Not macht beweglich, im Moment aber eher die Unternehmen als die Jugendlichen. Beispiel: Das von Kammern und Arbeitsagentur im Oktober 2018 gestartete Projekt „Mobil zum Ziel“ sah vor, im Kreis Recklinghausen Jugendliche für einen Ausbildungsplatz im Raum Siegen oder Olpe zu begeistern. Im Kreis Recklinghausen sind die Chancen für Schulabgänger besonders schlecht. Die bittere Erkenntnis: Trotz nachdrücklichen Werbens, Speeddating, für das Unternehmer aus Südwestfalen in die Region Emscher-Lippe reisten und sich und ihre Firmen vorstellten, blieb von sage und schreibe sieben Interessierten am Ende niemand übrig, der für einen Ausbildungsplatz einen Ortswechsel in Kauf nehmen wollte. Am Ende scheinen auch Verdienstmöglichkeiten (siehe Grafik) nicht das ausschlaggebende Argument für die Berufswahl zu sein – möglicherweise auch aus Unkenntnis. Die Ranglist der beliebtesten Ausbildungsberufe orientiert sich jedenfalls nicht unbedingt am späteren Gehalt.

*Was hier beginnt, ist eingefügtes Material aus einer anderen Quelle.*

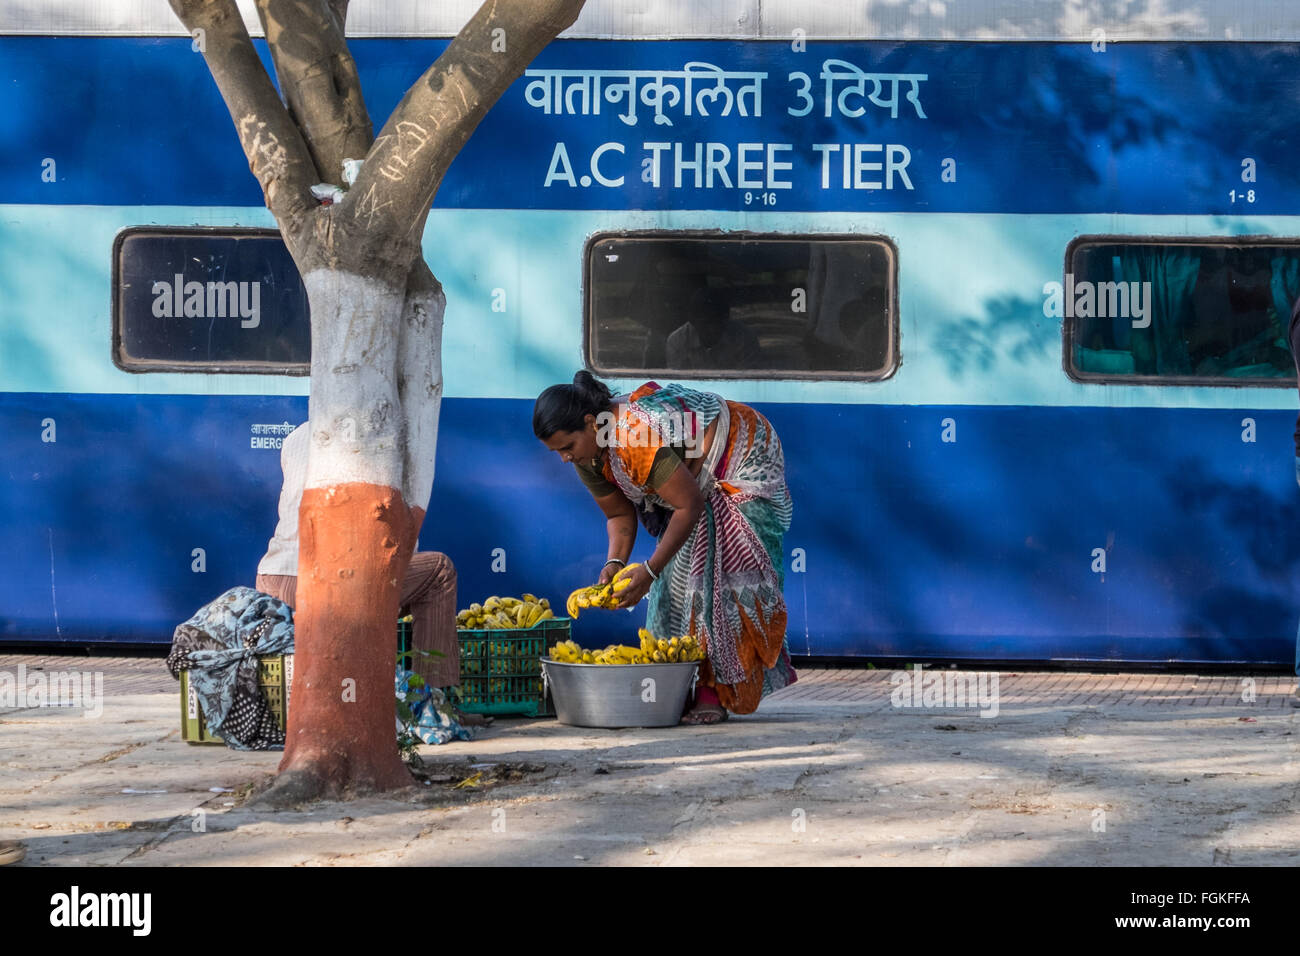 Vendor selling snacks to passengers on an Indian railways train Stock Photo

Selbst namhafte Unternehmen in lukrativen Branchen merken dies. „Wir merken auch, dass es zunehmend schwieriger wird, qualifizierte Bewerber zu finden“, sagt Antje Seifert aus der Unternehmenskommunikation des Maschinen- und Anlagenbauers SMS in Hilchenbach. Dort gab es am vergangenen Samstag einen Ausbildungstag. Die Resonanz war groß, auch weil SMS Kooperationen mit Schulen aus der Region pflegt, regelmäßig Praktika anbietet und um die jungen Leute wirbt, sagt Seifert. 70 Ausbildungsplätze werden in Hilchenbach 2019 neu besetzt.
Versuch: Samstagsakademie
Nichts Ungewöhnliches in der Region. „Andere finanzieren ihren Azubis Mobilität, also ein ÖPNV-Ticket zum Beispiel“, weiß der Siegener IHK-Hauptgeschäftsführer Klaus Gräbener: „Je knapper die Anzahl an jungen Leuten, desto kreativer muss die Personalabteilung sein.“ Gräbener glaubt, dass man bei der Ausbildungsförderung zuletzt nicht alles richtig gemacht habe: „Wir haben uns in den letzten 10 bis 15 Jahren viel um die jungen Menschen mit Vermittlungshemmnissen gekümmert, aber weniger um die Leistungsstarken.“
Nach den Sommerferien soll es deshalb in Siegen-Wittgenstein ein neues Angebot geben. Die Samstagsakademie, initiiert von den regionalen Sparkassen, der IHK und der Hochschule für Ökonomie und Management (FOM). Es ist ein Versuch, motivierte junge Leute, die sich für Wirtschaft interessieren zu erreichen. Dozenten werden auch Unternehmer sein. Es gibt ganz sicher kein Patentrezept, um Nachwuchs zu gewinnen. Deshalb hilft wohl nur das Ausprobieren.